No difference in the occurrence of dose-reduction or discontinuation of treatment was found between the CGA groups. Vulnerable patients had a significantly higher relative risk (RR) of being admitted to hospital for any reason within 90 days (RR: 2.12 (95% CI: 1.01; 4.46), p = .047). Frail patients had a tendency toward having more admittances to hospital compared to fit patients (RR: 2.01 (95% CI: 0.96; 4.19, p = .065), but the data failed to reach statistical significance. Primary tumor site did not add significantly to these regression models, whereas younger age contributed little, but statistically significant in the regression model of admittance to hospital. Frail patients had a higher absolute risk of death within 90 days than fit patients (23% vs. 0%). When comparing death within 90 days of CGA among vulnerable and frail patients, we found an increased risk of death in the frail group when compared to the vulnerable group, HR: 3.50 (95% CI: 1.34; 9.15) p = .011. Primary tumor site did not contribute significantly to this model.

Need of geriatric interventions

Per definition, frail patients need significantly more geriatric interventions in the defined categories than vulnerable and fit patients (Table 2).
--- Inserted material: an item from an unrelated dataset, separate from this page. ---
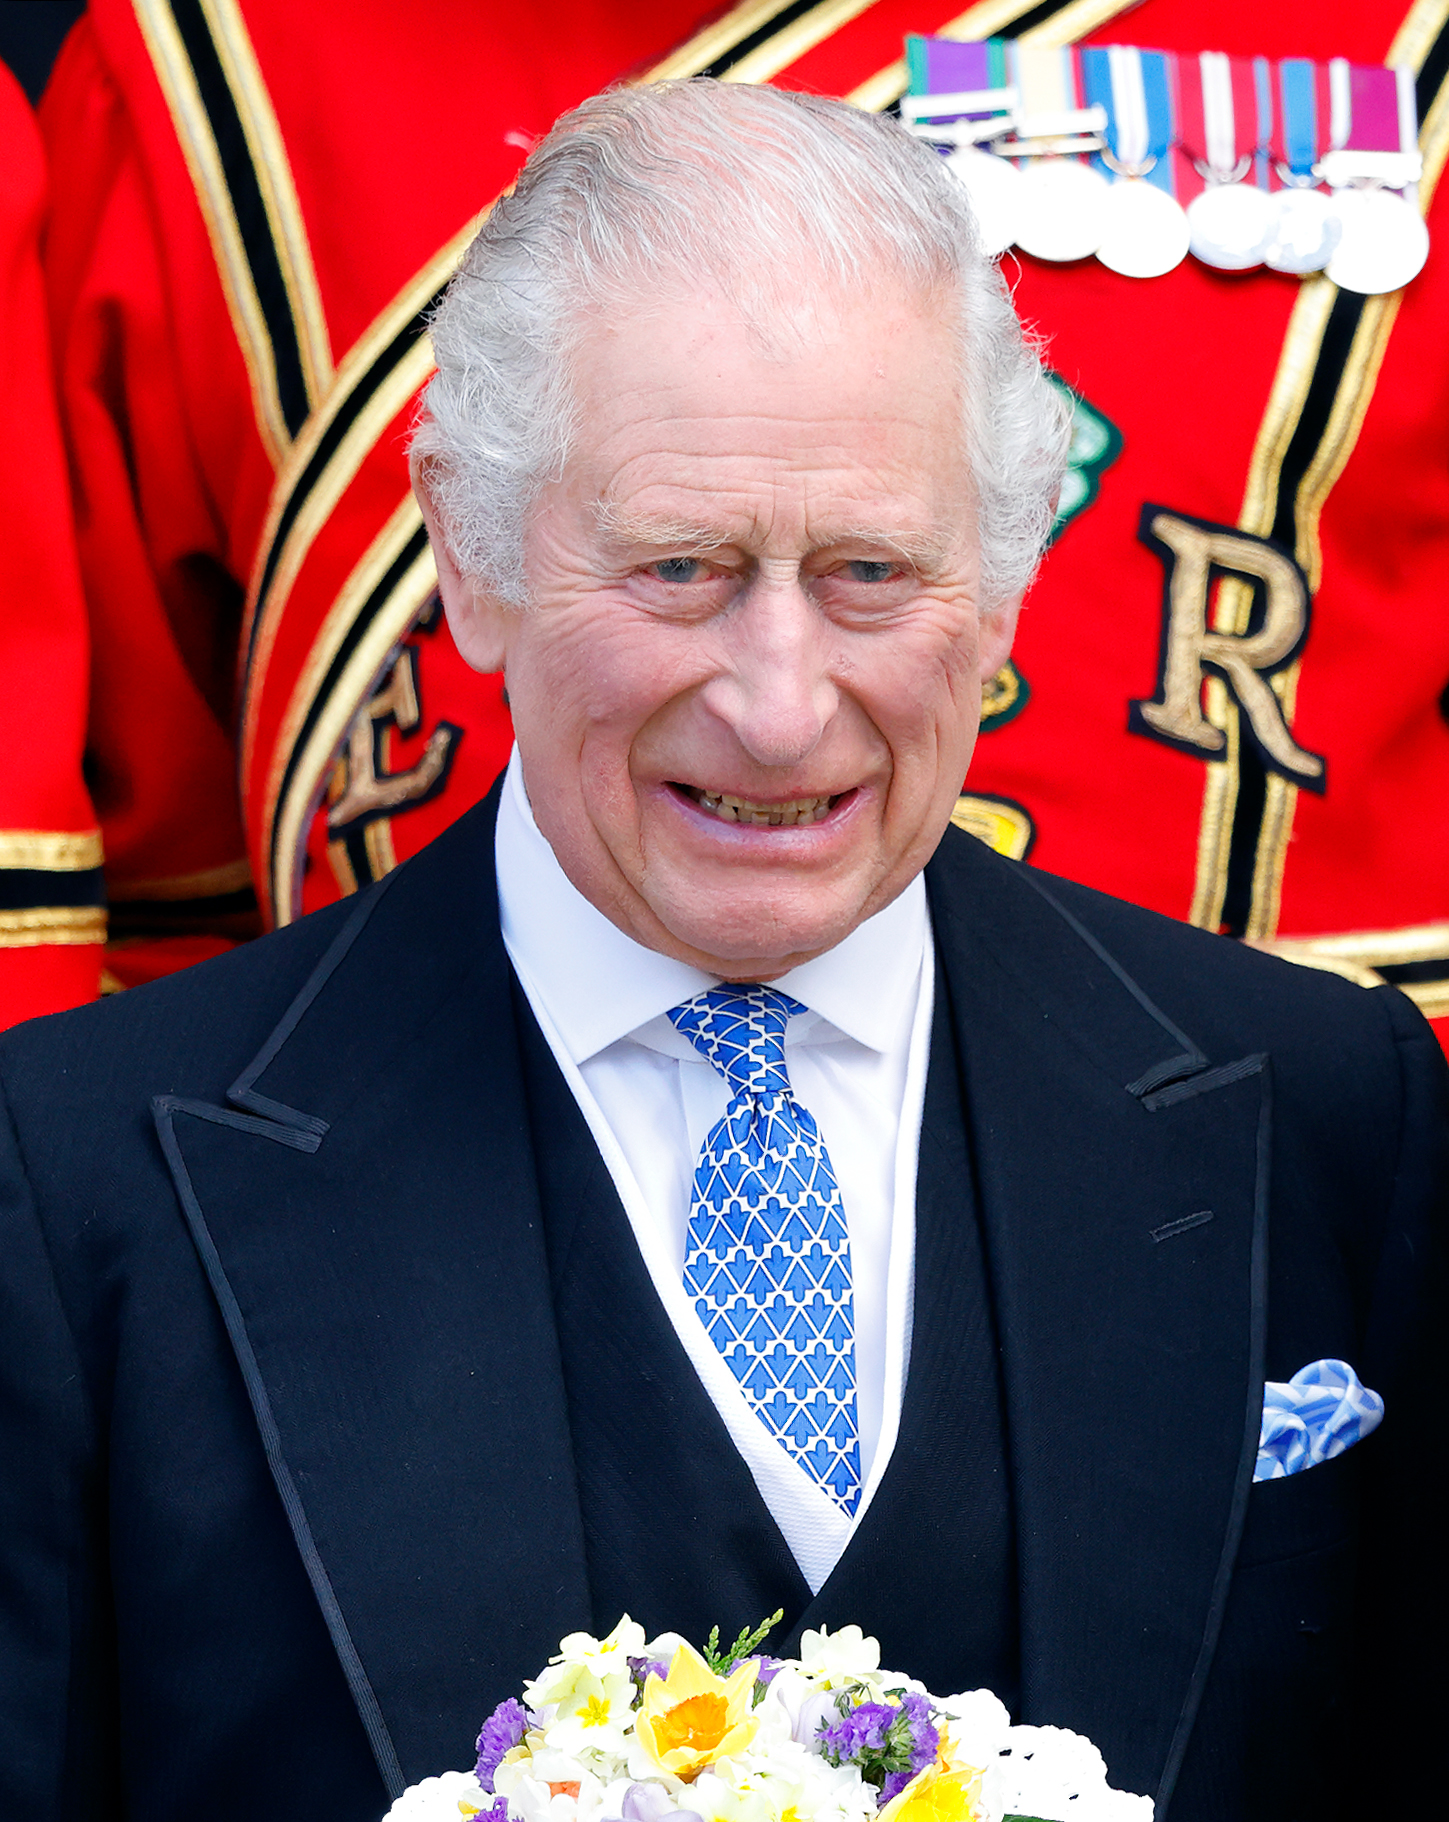 El rey Charles III asiste al Servicio Real de Pentecostés en York Minster el 6 de abril de 2023 en York, Inglaterra | Fuente: Getty Images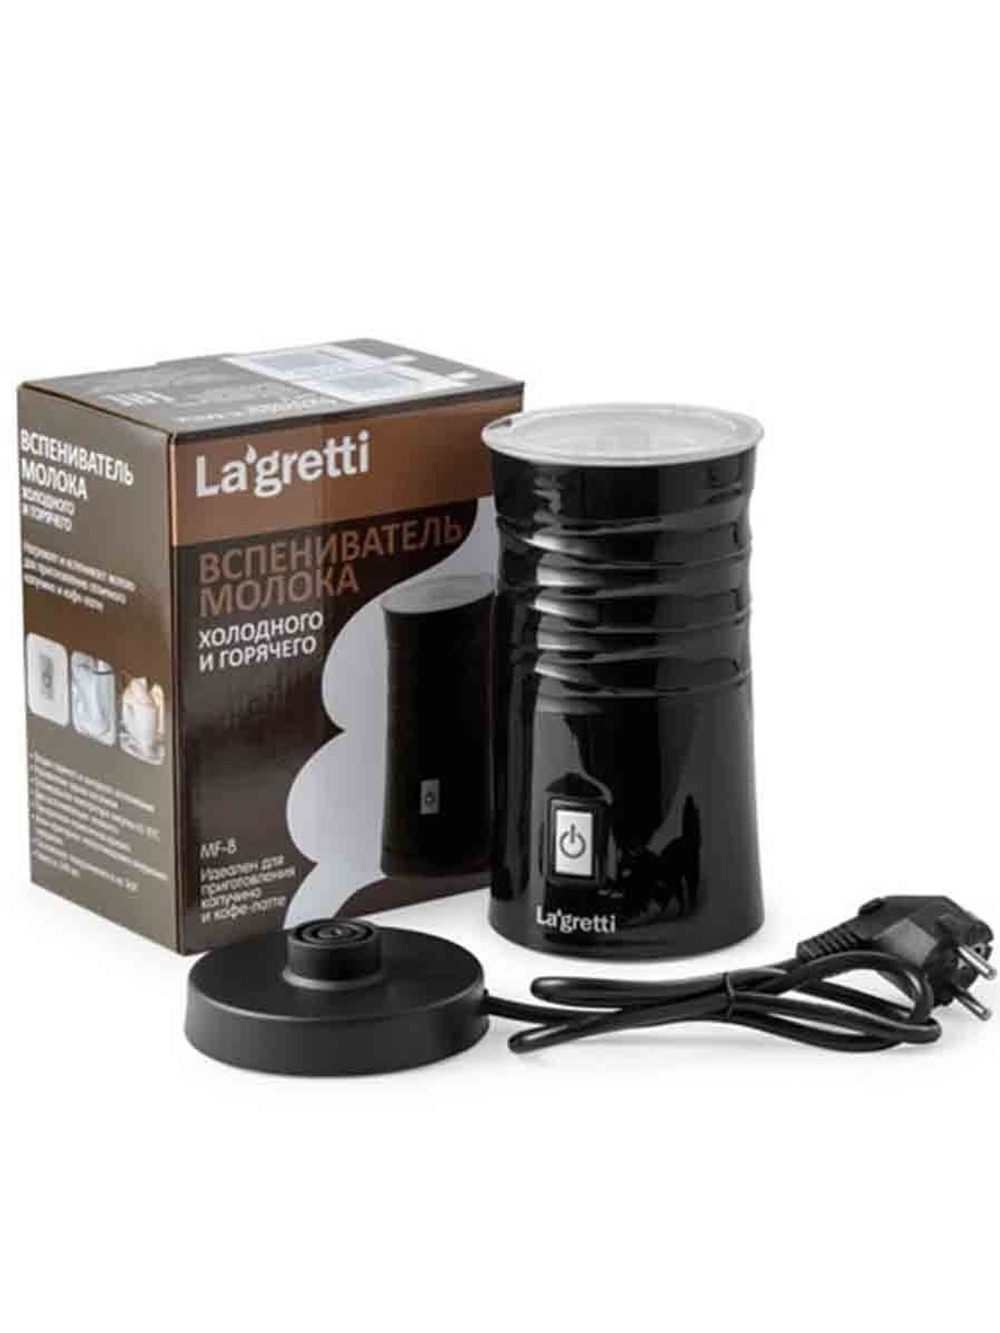 Вспениватель молока (Капучинатор) LaGretti MF-8 черный

In 162 patients (75%), a need of geriatric intervention was identified by CGA. Of those, 159 accepted the proposed interventions. Of those who accepted the interventions, 84% were proposed medication changes, 65% nutritional optimization, and 23% physical exercise either as home exercise or by referral to physiotherapy. For 21%, optimization of the social situation was arranged, most often as additional home care service. The only single intervention to reach statistical significance was nutritional intervention (p = .025). There was a tendency for frail patients to be more in need of medical interventions, but data did not reach statistical significance (p = .08).

Discussion

Frailty status of older cancer patients

Our study established that most of the older cancer patients included were vulnerable or frail. A comparable distribution of frailty status was found in a population of older CRC patients using a similar method for classifying frailty [19]. In that population, there were very few fit patients (12%). Most patients were intermediate (45%) or frail (43%) [12]. Furthermore, frailty predicted perioperative complications and inferior survival [19,20]. Other studies performing CGA in groups of patients with a variety of cancer diagnoses had another distribution of frailty with either a higher rate of fit patients [42,45] or a lower number of frail patients [46]. However, those studies included patients with a wider variety of cancer diagnoses as well as younger patients than in our study. In general, the frailty status of older cancer patients depends on the age and the cancer diagnoses of the study population. We have included cancer types often seen in older patients and cancer types often connected to comorbidity. Our classification of frailty may be questioned as the method has previously been used in older cancer patients undergoing operation for CRC. However, it was adapted from the Balducci criteria except for age and falls. With little modifications, this frailty classification has been used in other studies of mixed cancer populations [43] where frailty predicted less survival. Age is incorporated in the original Balducci criteria and in some otherwise comparable frailty classifications [47], but others have not included age as a frailty criterion [48]. As comorbidity, dependence and cognitive decline are more prevalent in older patients, the age-dependent frailty may be captured by other criteria than strict age. In our study, we found no difference in age in the CGA groups. This contrasts with the latent classes defined by Ferrat [49], that otherwise correspond well to the CGA classes defined by Balducci. In that study, age >80 years was more predominant in the ‘globally impaired’ class. But that population consisted of both in-patients and out-patients and could not be compared directly to the patients in our study. Falls is part of the Balducci criteria as well. We did not specifically register falls, but basic mobility is part of the Barthel-100 assessment [30] which is incorporated in the frailty classification.

Complications

In the heterogeneous population of the present study, frailty status differed as expected between primary tumor sites and planned treatments. A clinical evaluation of frailty or a proxy of frailty, for example, performance status, comorbidities etc., has probably been considered by the oncologist when deciding treatment intensity. Therefore, frailty did not contribute with as much extra information for the prediction of complications, as could have been expected.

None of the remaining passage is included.